Flask-OAuthlib の現在と代替ライブラリ
Flask-OAuthlib のメンテナンス状況
Flask-OAuthlib の開発は停滞しており、最後のリリース (バージョン 0.9.6) は 2020年9月 です。GitHubリポジトリやPyPIページでも、作者によって後継ライブラリである Authlib の利用が強く推奨されています。
Authlib は Flask-OAuthlib の作者によって開発されており、よりモダンで、機能が豊富で、活発にメンテナンスされています。
なぜ Authlib なのか?
- 活発な開発: Authlib は継続的に開発・改善されており、最新のOAuth/OIDC仕様への追従やセキュリティ修正が行われています。
- より良い設計: Flask-OAuthlib で得られた知見をもとに、より堅牢で拡張性の高い設計になっています。内部的に
requests
ライブラリを使用しており、HTTPリクエストの扱いが改善されています。 - 豊富な機能: OAuth 1.0, OAuth 2.0 クライアント/プロバイダに加え、OpenID Connect (OIDC), JSON Web Token (JWT), JWS, JWE, JWK, JWA など、認証・認可に関する幅広い仕様をサポートしています。
- フレームワーク非依存コア: コア部分は特定のWebフレームワークに依存せず、Flask, Django, Starlette, FastAPI など、様々なフレームワークとの連携が可能です。
- ドキュメントと例: Flask-OAuthlibよりも充実したドキュメントと豊富なサンプルコードが提供されています。

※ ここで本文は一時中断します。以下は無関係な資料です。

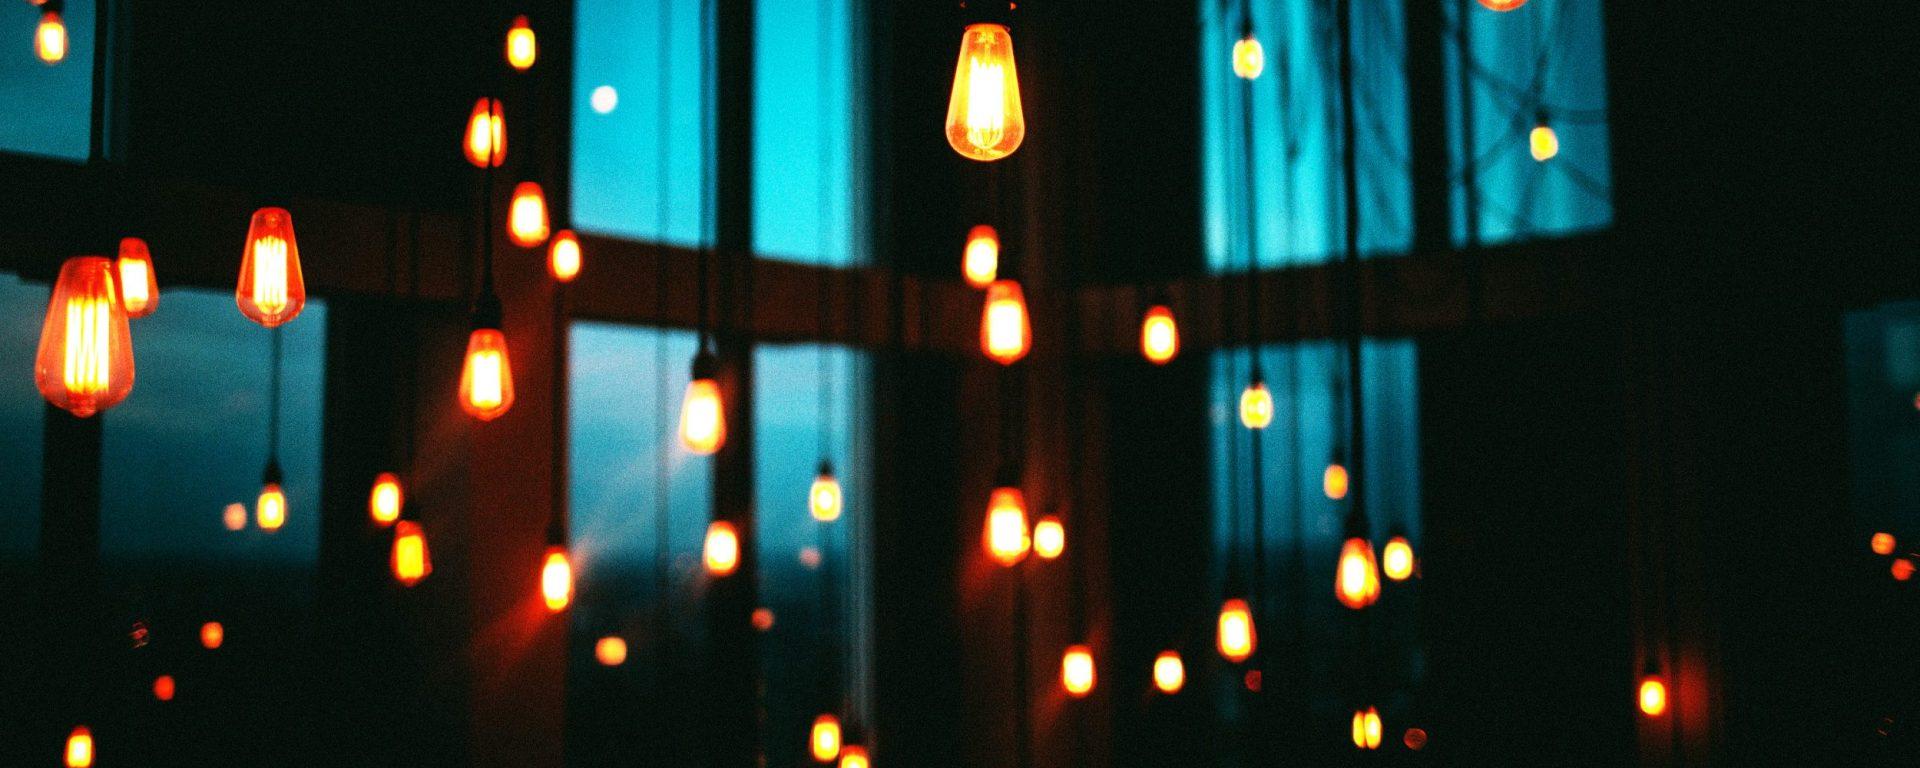 Lights, dreams, hopes. Image: Dil on Unsplash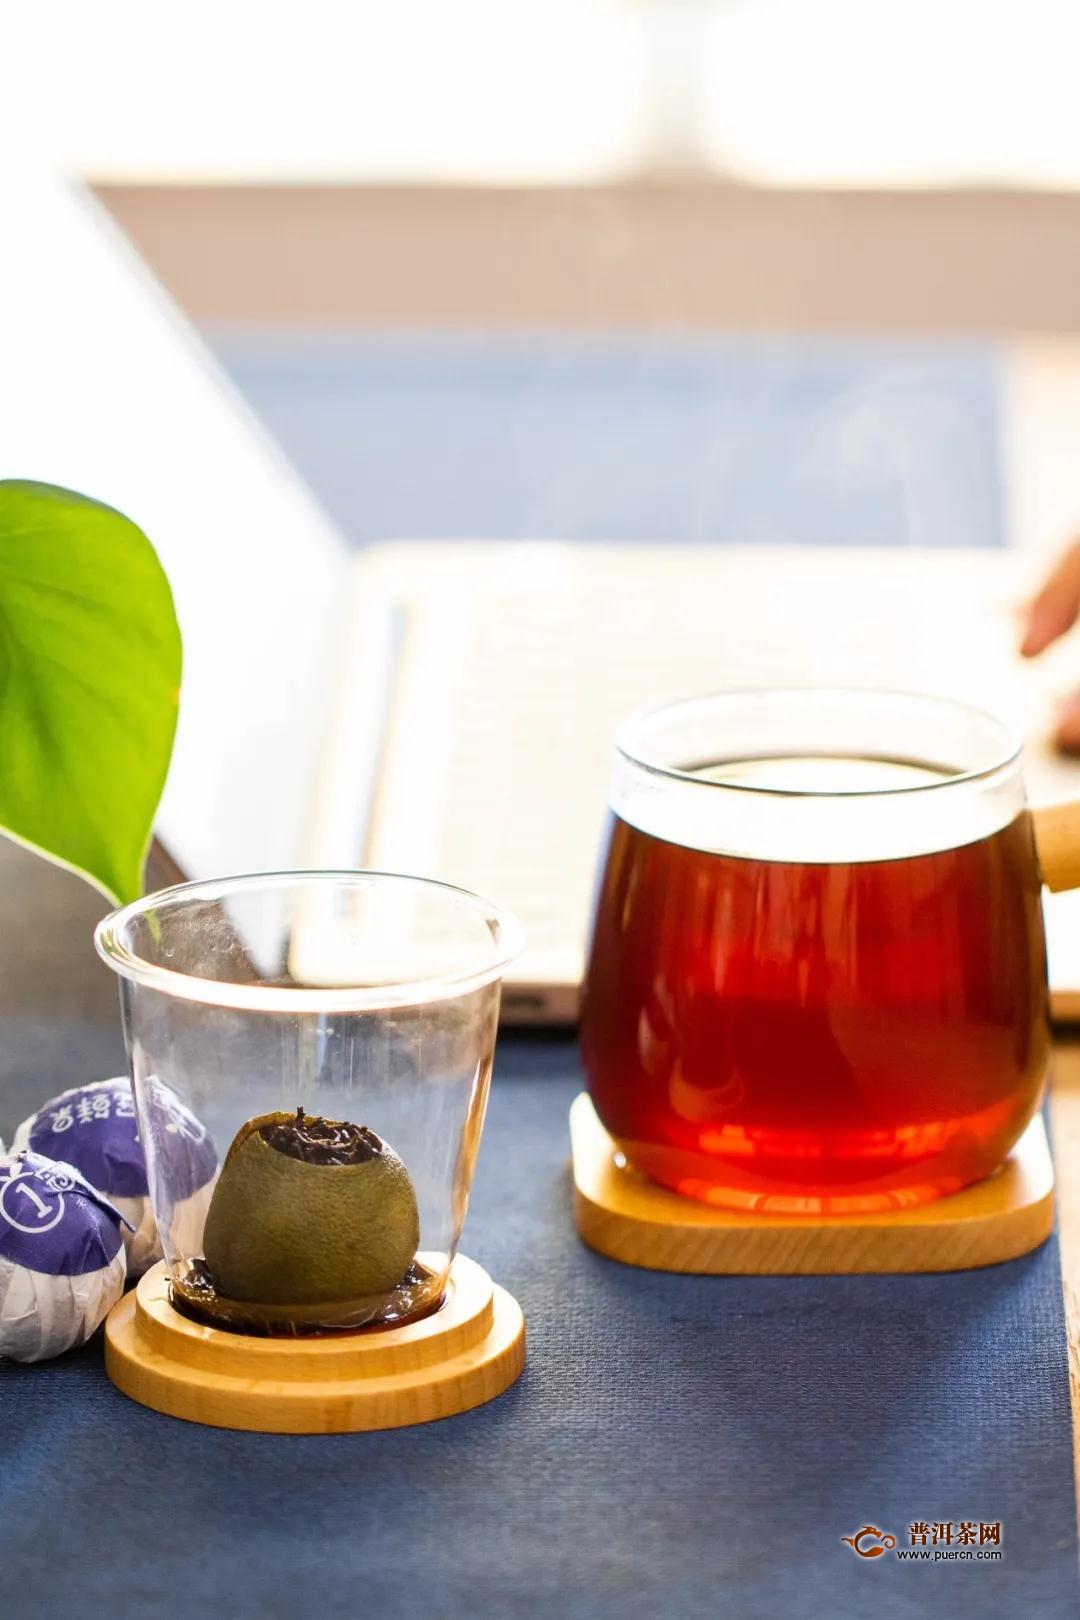 流派·老爷说:便携茶,普洱茶中的星巴克!!!

Flask-OAuthlib から Authlib への移行
Authlib の Flask クライアント API は Flask-OAuthlib と似ている部分が多く、移行は比較的容易に行えるように設計されています。主な変更点はインポートパスや一部の設定方法、デコレータの使用法などです。
例えば、クライアントの登録は以下のようになります。
# --- Flask-OAuthlib ---
# from flask_oauthlib.client import OAuth
# oauth = OAuth(app)
# github = oauth.remote_app(...)
# --- Authlib ---
from authlib.integrations.flask_client import OAuth
oauth = OAuth(app)
# または oauth = OAuth(); oauth.init_app(app) でも可
github = oauth.register(
name='github',
client_id='YOUR_GITHUB_CLIENT_ID',
client_secret='YOUR_GITHUB_CLIENT_SECRET',
access_token_url='https://github.com/login/oauth/access_token',
access_token_params=None,
authorize_url='https://github.com/login/oauth/authorize',
authorize_params=None,
api_base_url='https://api.github.com/',
client_kwargs={'scope': 'user:email'} # スコープ指定方法などが異なる場合がある
)
設定の読み込み方法や authorized_handler
デコレータの廃止など、細かい違いについては Authlib のドキュメントや移行ガイドを参照してください。
Authlib のドキュメント: https://docs.authlib.org/en/latest/client/flask.html
Authlib の GitHub リポジトリには、Flask, Django, FastAPI などを使ったサンプルコードも多数含まれています。
GitHub サンプル (クライアント): https://github.com/authlib/demo-oauth-client
GitHub サンプル (サーバー): https://github.com/authlib/example-oauth2-server
結論として、これからFlaskアプリケーションにOAuth機能を実装する場合、または既存のFlask-OAuthlib実装を更新する場合には、Authlib を選択することを強くお勧めします。
まとめ
Flask-OAuthlib は、かつて Flask で OAuth 認証・認可を実装するための便利なライブラリでした。クライアント機能とプロバイダ機能の両方を提供し、Flask との連携も容易でした。
しかし、現在では開発が停滞しており、作者自身が後継ライブラリである Authlib の利用を推奨しています。Authlib はよりモダンで高機能、活発にメンテナンスされており、Flask を含む多くの Python Web フレームワークで利用可能です。
この記事では Flask-OAuthlib の基本的な概念と使い方を解説しましたが、今後の開発においては Authlib を検討することが、より良い選択となるでしょう。OAuth は Web アプリケーションのセキュリティとユーザー体験において重要な役割を果たします。適切なライブラリを選択し、安全な実装を心がけましょう。